Dylan played his way through 16 songs without any patter, any introduction for the songs, just playing them. The concert was very much in the rollicking, bluesy rock vein that has characterized Dylan's recent albums, and most of the songs were transposed to that style, whether or not they were originally written that way. This was Dylan doing his thing, and he did it well. He spent most of his time playing the keyboard over to one side of the stage, but would periodically wander over to center stage, sometimes with a guitar. His black suit had gold piping on the jacket and a gold strip down the trousers, and his broad-brimmed white hat was hard to miss.




Dylan at the keyboard for "Highway 61 Revisited"



Bob Dylan was clearly energized, bobbing behind the keyboard as he played. His harmonica solos were nothing short of inspired. His vocals were limited, but delivered with great gusto. Actually, he would have been a great deal easier to understand if the band wasn't amped up quite so loud. But that is beyond the point. That's how Dylan likes it, that's how it is. The band provided some cracking accompaniments. They were led by virtuosic guitarist Charlie Sexton, who ended up in center stage most of the time that Dylan wasn't. Sexton clearly enjoyed the attention, but was a bit distracting. Bob is a legend and can do as he pleases. Charlie, you aren't.






The set list was extraordinary. With a catalog as vast as Dylan's, there is so much to choose from, but he delivered a well-rounded set on Friday. I was hoping to hear something from Slow Train Coming. Dylan did not disappoint, starting off with "Gonna Change My Way of Thinking." I had actually never heard "Shooting Star" before last night, but Dylan made it a touching ballad. There was plenty from his recent, bluesier albums like Love and Theft, Modern Times and Together Through Life. But there were also plenty of classics.

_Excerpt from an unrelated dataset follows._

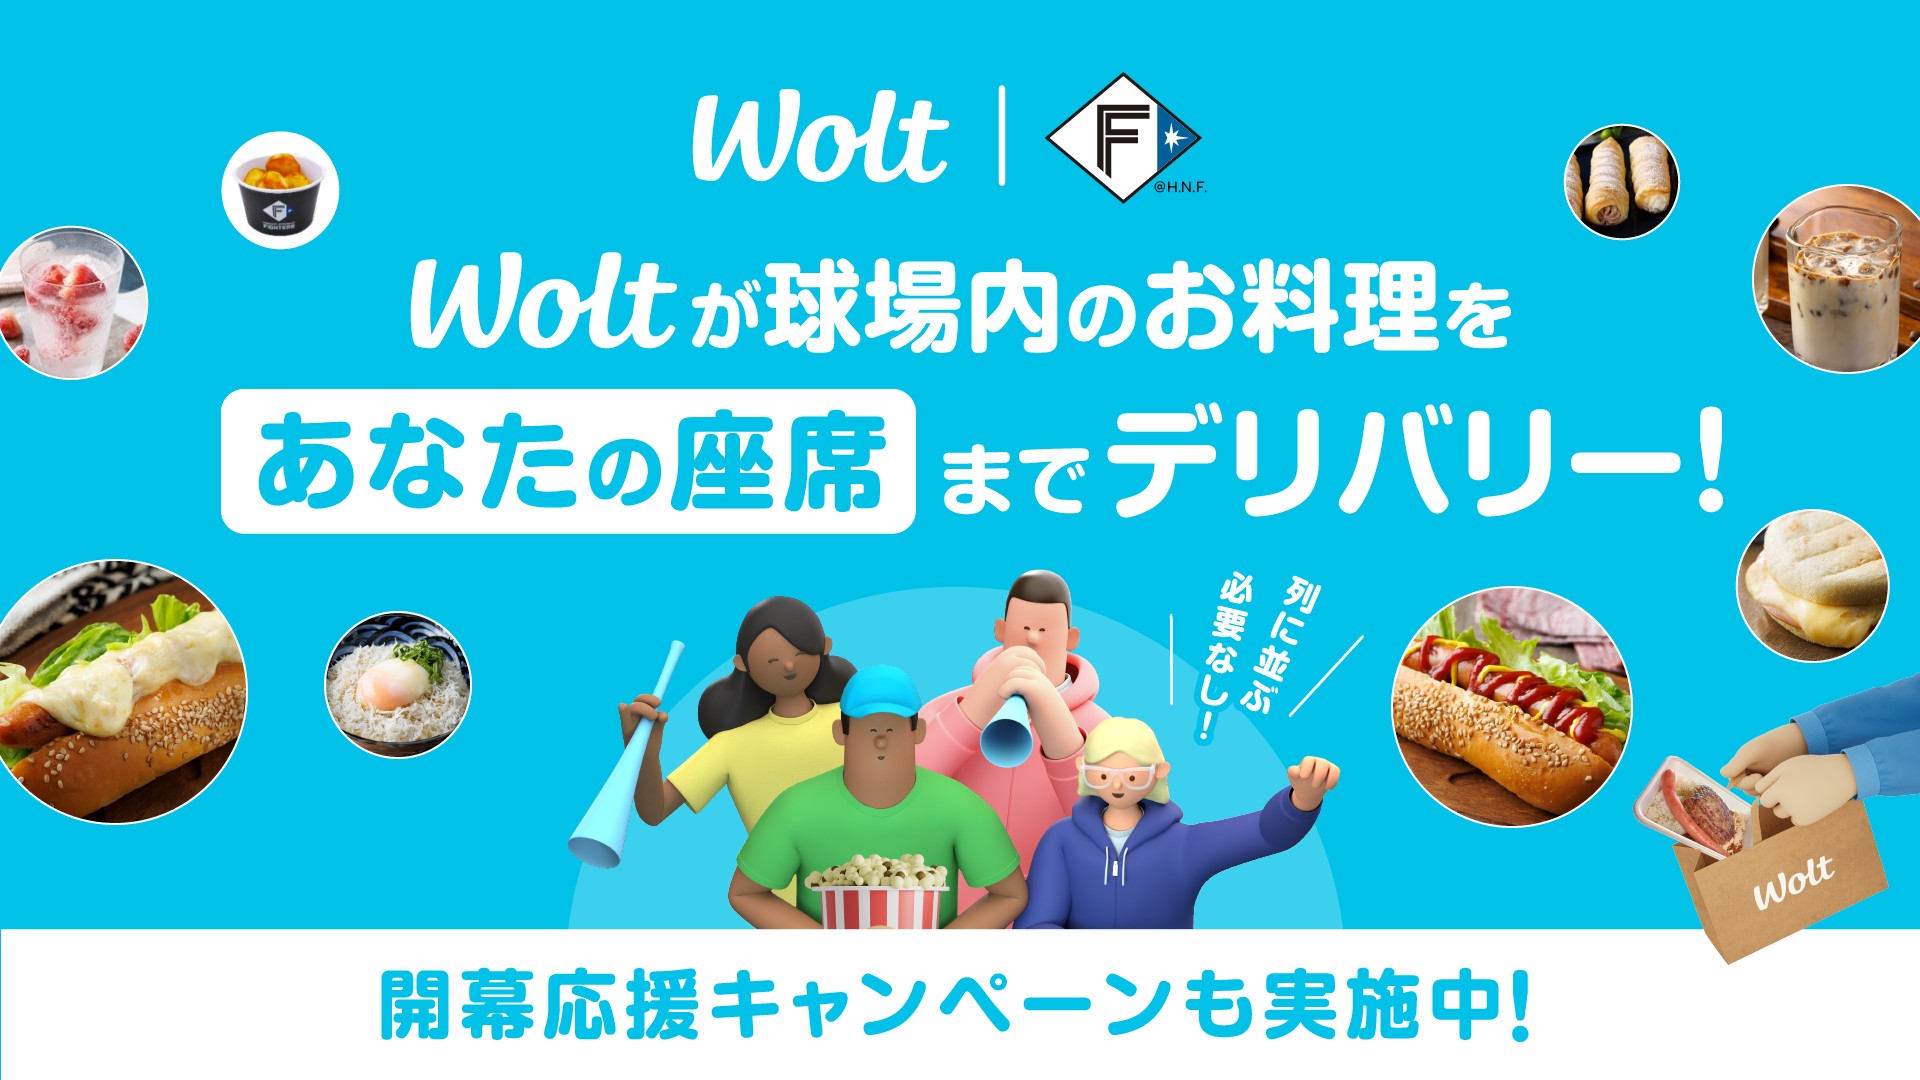 Wolt (ウォルト) (@WoltJapan) / X

Dylan thrilling the crowd with a harmonica solo during "Shooting Star"



"Tangled Up in Blue" was a crowd-pleaser. It was a substantially different melody at times, but it's a song that any halfway-credible Dylan fan can follow along. "Ballad of a Thin Man" was exceptional (see below), perhaps better than his original recording of it. The stage was lit severely as Dylan barked and growled ominously at the fictional Mr. Jones. This was not a young man who was peeved, this was a reckoning. Each time the chorus rolled around and Dylan asked Mr. Jones if he knew what was happening, it was as if the subject of the song was being interrogated by the jaws of Hell itself. "Like a Rolling Stone" ended the concert on a high note. Bob Dylan couldn't hold the notes like he had in decades gone by, but age hadn't withered his spirit at all. Miss Lonely still got raked over the coals with every "How does it feel?"

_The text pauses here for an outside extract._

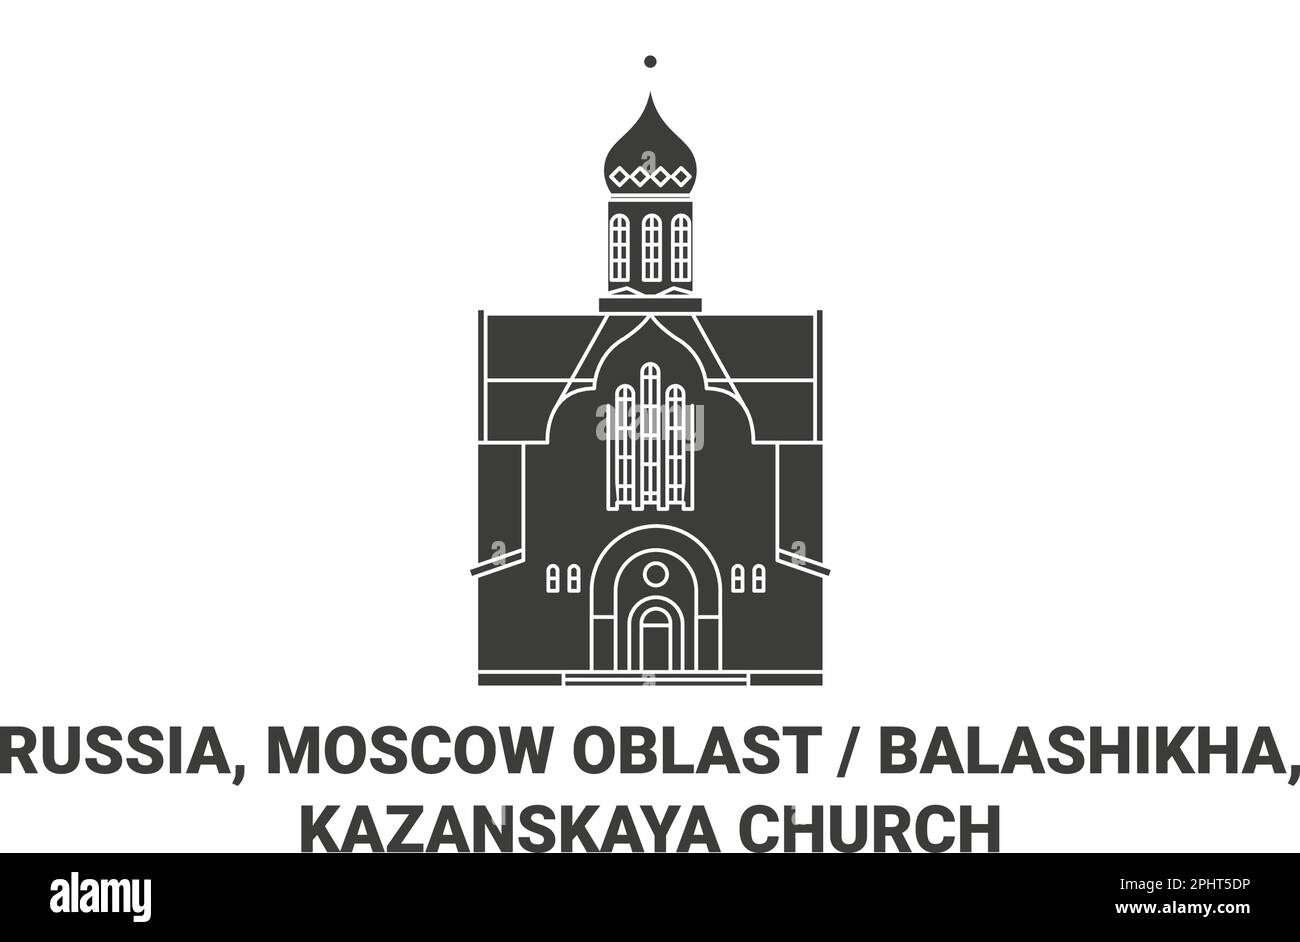 Russia, Moscow Oblast Balashikha, Kazanskaya Church travel landmark vector illustration Stock Vector

Some will complain that Dylan isn't what he was. Obviously, he sounds different now than on most of his records, or on the legendary Rolling Thunder Revue. Some people are not just glad to see a living legend; they want to say the emperor has no clothes. Bob Dylan is not what he was? Hogwash, Bob Dylan is exactly what he's always been: Bob Dylan. And I now have a 16-song playlist that is an excellent synopsis of his career. Not an exhaustive one, certainly; no concert could do that. But I heard protest music, folk-rock, gospel, blues and more, accompanied by bravura harmonica solos. All interpreted by a living legend. Good enough for me.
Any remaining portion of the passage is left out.